Jika dicermati lebih seksama, antara AILA dan Islam arus utama di tanah air memiliki perbedaan perspektif metode dakwah yang sangat mendasar. AILA percaya dengan institusionalisasi dakwah oleh negara atau tekstualis seperti yang jamak di Timur Tengah.
Sebenarnya, bangsa Indonesia tentu selalu lebih nyaman dengan pendekatan kultural untuk melakukan dakwah. Kisah klasik Sunan Kalijaga yang selalu menggunakan pakaian adat Jawa dan tidak segan-segan bergaul dengan kelompok marjinal untuk kepentingan dakwah, misalnya, adalah identitas kita yang berbasis kearifan lokal sembari merangkul keragaman.
Tidak dapat dipungkiri bahwa semua agama menolak hubungan seks di luar nikah. Hanya saja, pendekatan tekstualis memilih untuk menghukum pelaku dengan bantuan instrumen hukum negara, sementara pengikut Sunan Kalijaga lebih suka melakukan dakwah secara persuasif dan kontekstual untuk menghadapi dilema etika dan moral ini.
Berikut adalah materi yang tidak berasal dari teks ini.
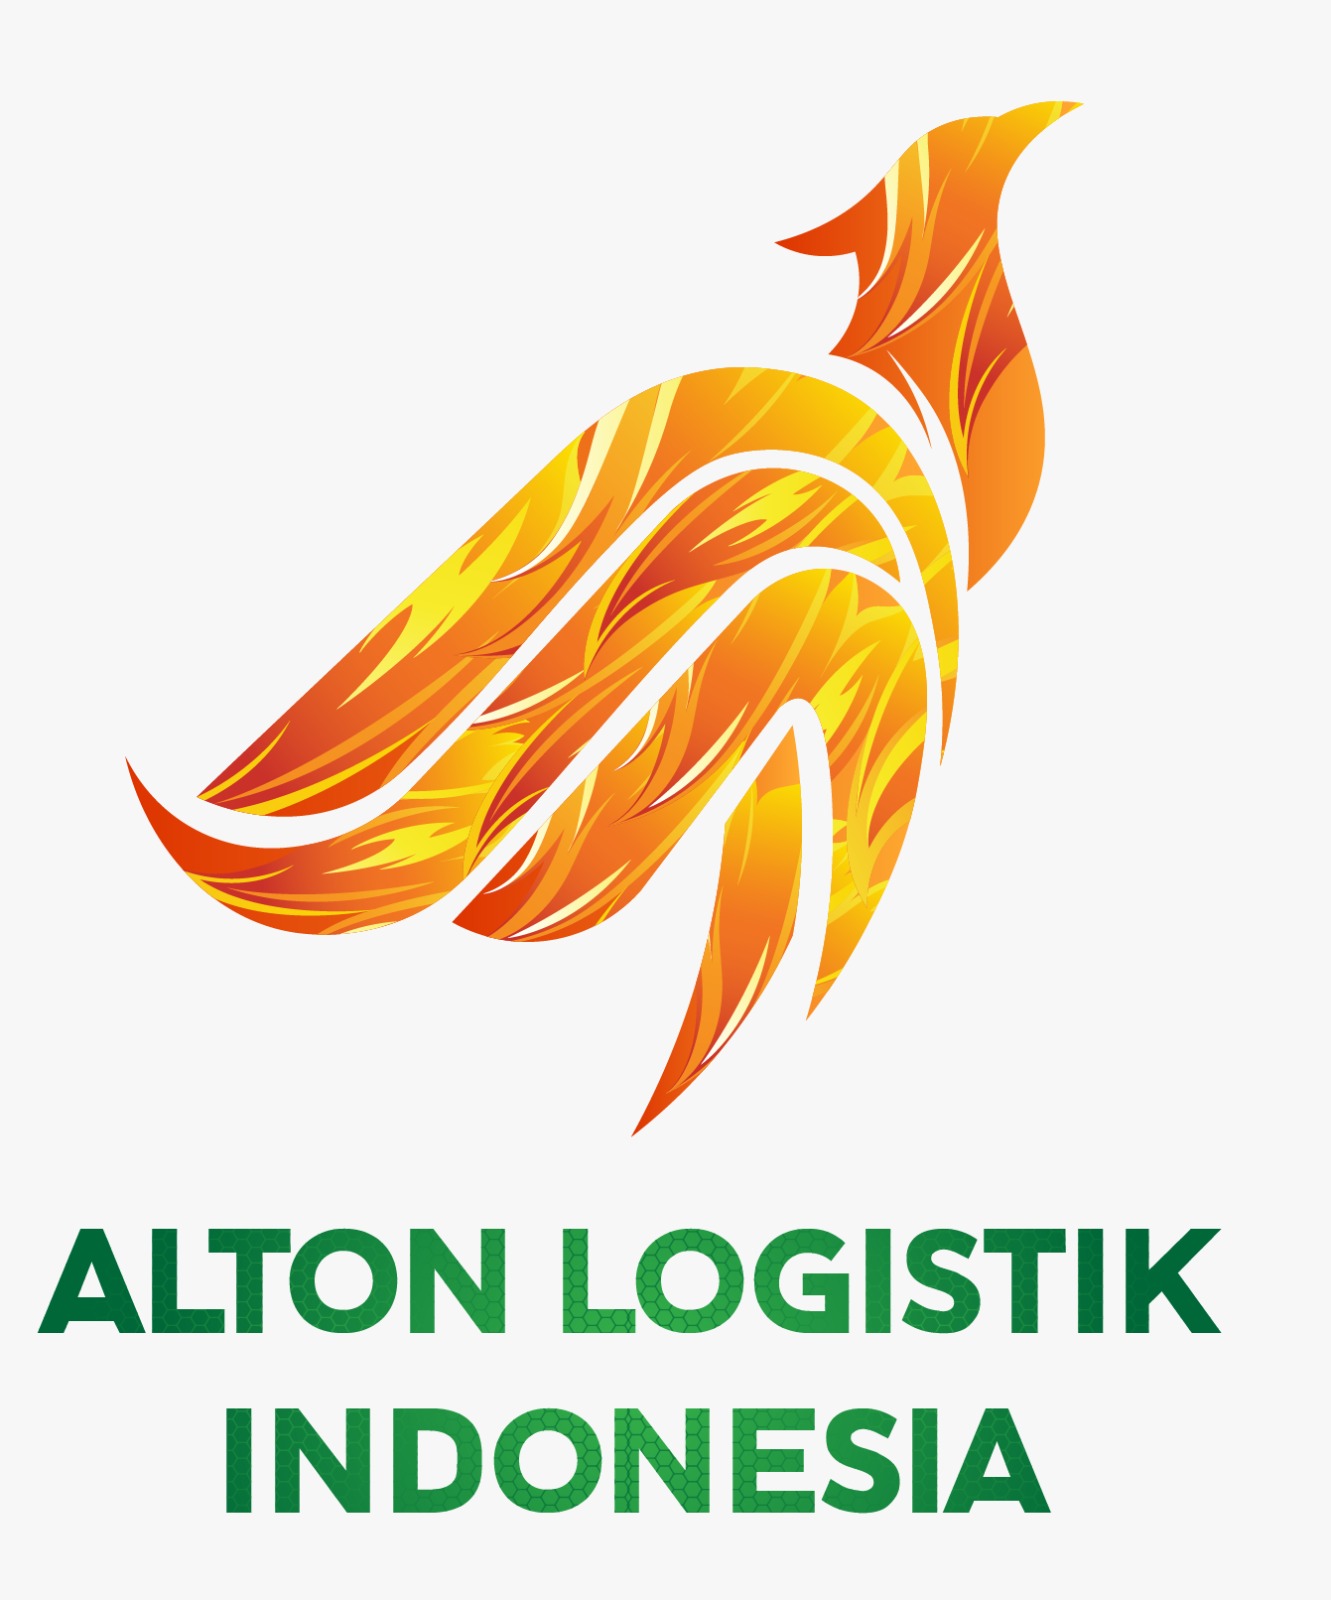 Alton Logistik Indonesia Bantu Pendistribusian LeBening ke Seluruh Jawa

Terbukti dakwah kultural model Sunan Kalijaga jauh lebih berhasil. Salah satunya karena institusi pesantren yang dikembangkan pengikutnya jauh lebih mewarnai perjuangan dan dialektika kebijakan politik kita sejak jauh sebelum kemerdekaan sampai sekarang.
Bukti konkritnya, sepanjang sejarah, dari Pemilu 1955 sampai sekarang, partai berbasis agama tidak pernah memenangkan perhelatan akbar tingkat nasional. Paling jauh mereka menang di tingkat daerah, dengan memanfaatkan kelengahan simpatisan nasionalis yang memilih menjadi golongan putih. Maka, pihak AILA harus mempertimbangkan bahwa jika klausul revisi KUHP mereka disetujui, bola berada di tangan pemerintah dan DPR untuk melakukan revisi UU KUHP tersebut.
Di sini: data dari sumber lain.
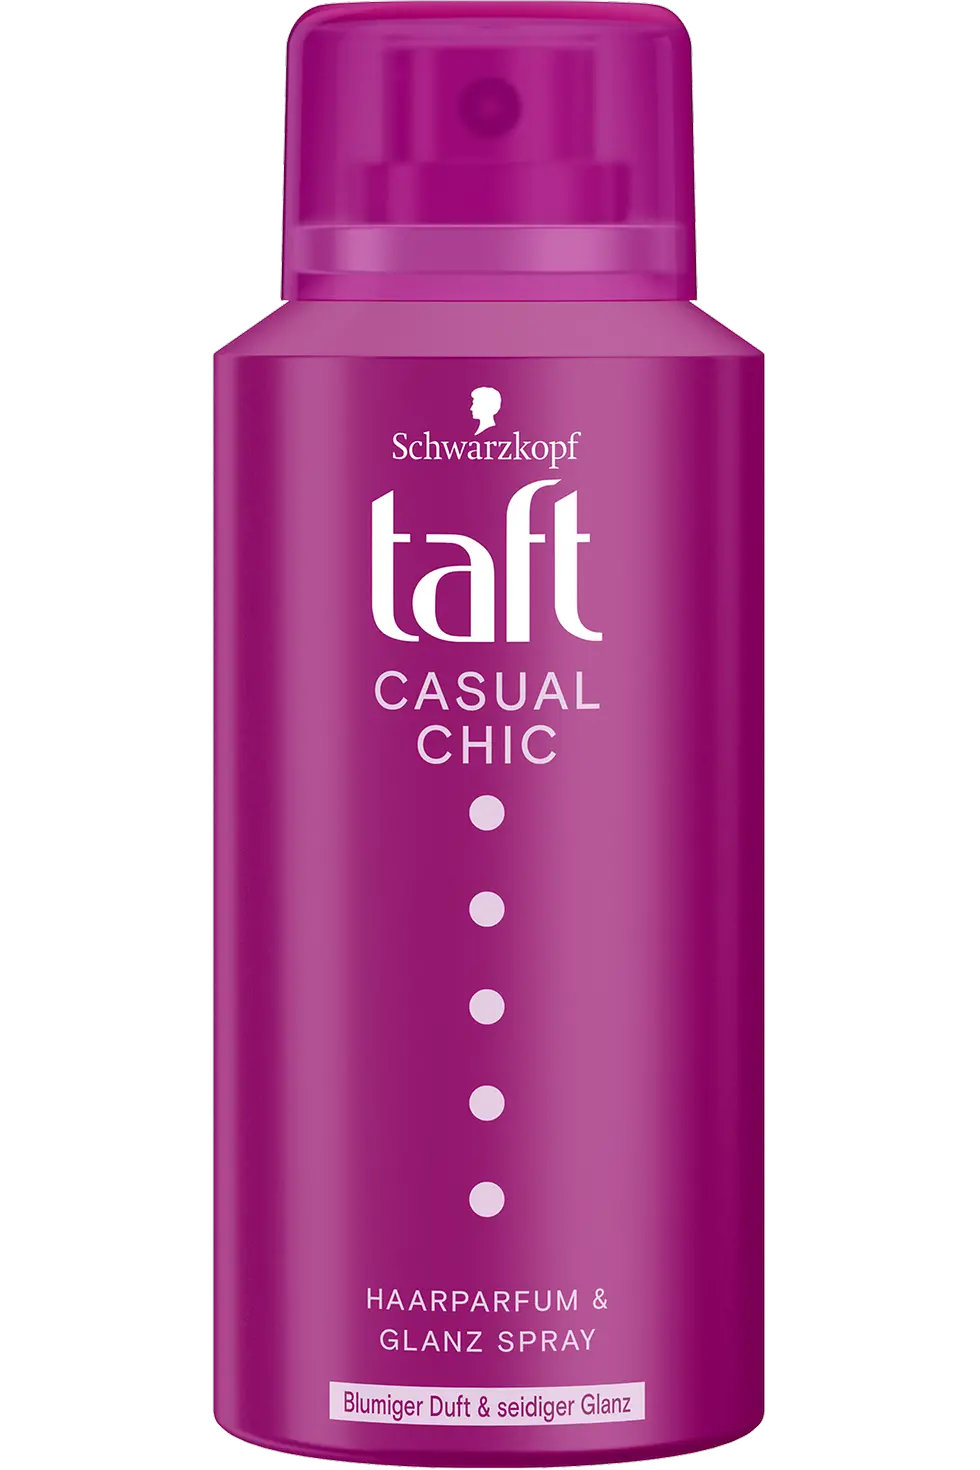 Taft Casual Chic Haarparfum & Glanz Spray

Pemerintahan Jokowi dan DPR sudah sangat jelas dikuasai secara mayoritas mutlak oleh partai dan relawan nasionalis yang didukung oleh ormas Islam arus utama seperti Nahdlatul Ulama dan Muhammadyah. Melihat skenario seperti ini, kemungkinan usulan AILA akan dimentahkan juga oleh mayoritas kekuatan politik yang ada. Bisa disimpulkan bawah inisiatif AILA akan menjadi disonansi yang bersifat temporer, selama kekuatan nasionalis di DPR dan pemerintahan tetap kompak.
Alasan AILA bahwa terjadi “degradasi moral” adalah berlebihan, karena pergeseran nilai moral kita tidak sejauh seperti yang terjadi di Barat. Sistem kontrol kita terhadap media, seperti yang dilakukan Kementerian Komunikasi dan Informatika, Lembaga Sensor Film (LSF) dan Komisi Penyiaran Indonesia (KPI), jauh lebih ketat daripada yang diterapkan di Barat. Tuduhan “degradasi moral” berarti menegasikan inisiatif habis-habisan Kementerian Komunikasi, KPI, dan LSF untuk mengawasi dan membina media, meski masih ada kekurangan di sana-sini.
Selain itu, selama lembaga-lembaga pesantren yang diwarisi oleh Walisongo masih berdiri dan tetap direformasi sesuai perkembangan zaman, ideologi dari Barat dan Timur Tengah yang masuk ke tanah air sudah otomatis akan disesuaikan dengan kearifan lokal kita. Sunan Kalijaga adalah tokoh yang menolak vigilante, berdakwah secara kultural, dan selalu memberi nasihat untuk memperkuat kedudukan Kesultanan Demak.
Demikian juga seyogianya kita semua melakukan hal yang sama, yaitu menjaga dan merawat basis ideologis dan konstitusional negara ini.